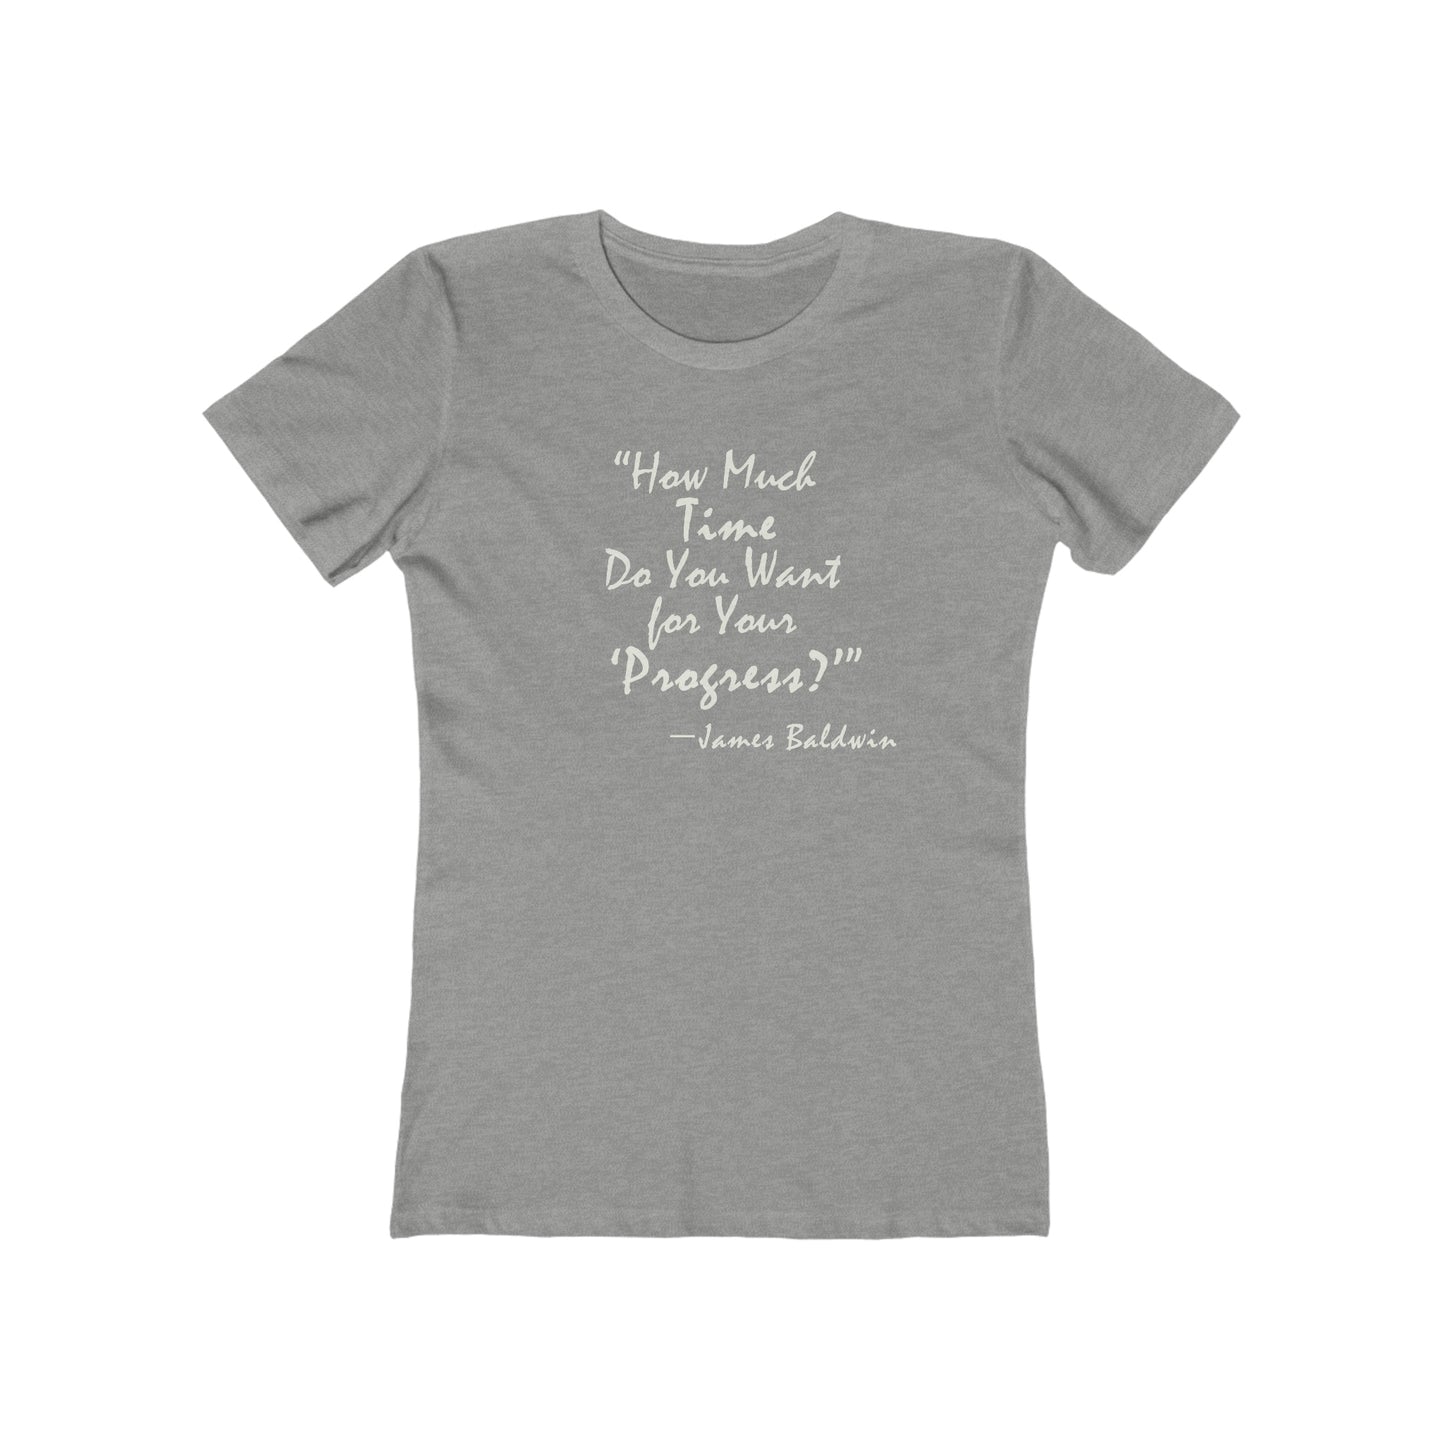 James Baldwin Quote - "Progress" - Women's T-Shirt
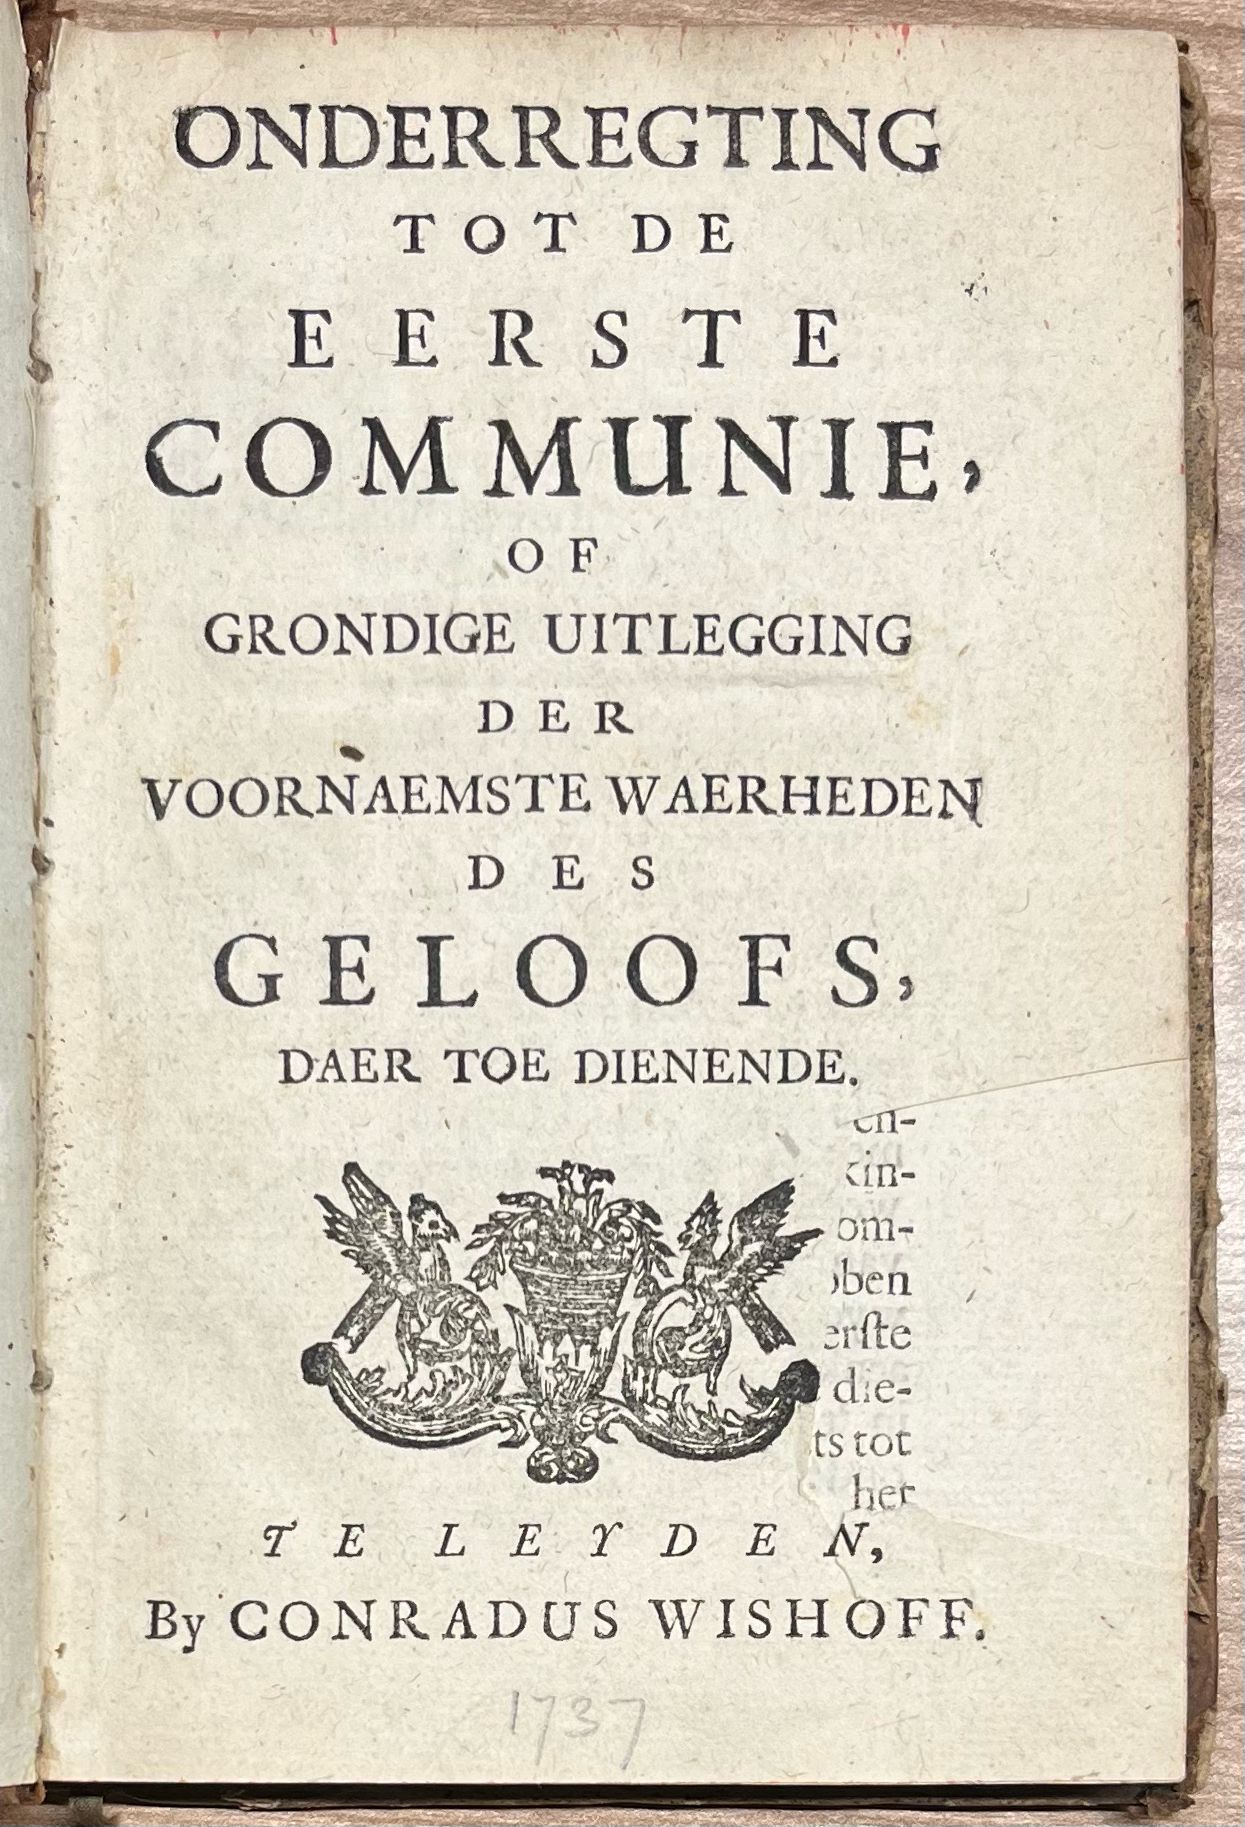  - Rare children's book, 1737, Education | Onderregting tot de Eerste Communie, of Grondige Uitlegging der Voornaemste Waerheden des Geloofs, daer toe dienende. Leyden, Conradus Wishoff, 1737, 188+(4) pp.
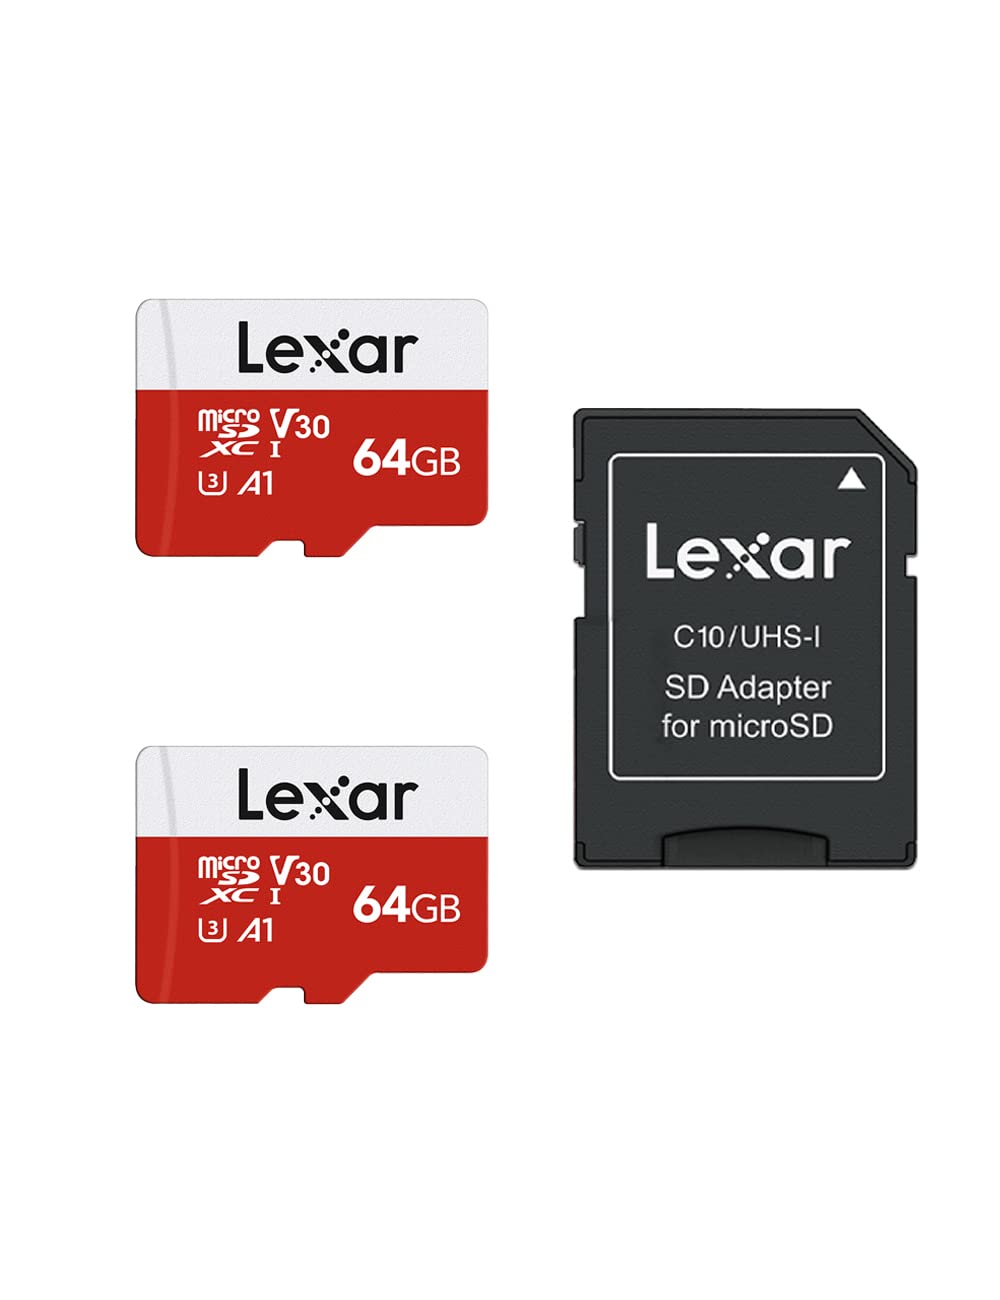 64GB MicroSD Class 10 Memory Card

- - - - -

Give back each line above exactly, with pictures dropped.

 James Baldwin Quote - "Progress" - Women's T-Shirt
  - Rare children's book, 1737, Education | Onderregting tot de Eerste Communie, of Grondige Uitlegging der Voornaemste Waerheden des Geloofs, daer toe dienende. Leyden, Conradus Wishoff, 1737, 188+(4) pp.
 64GB MicroSD Class 10 Memory Card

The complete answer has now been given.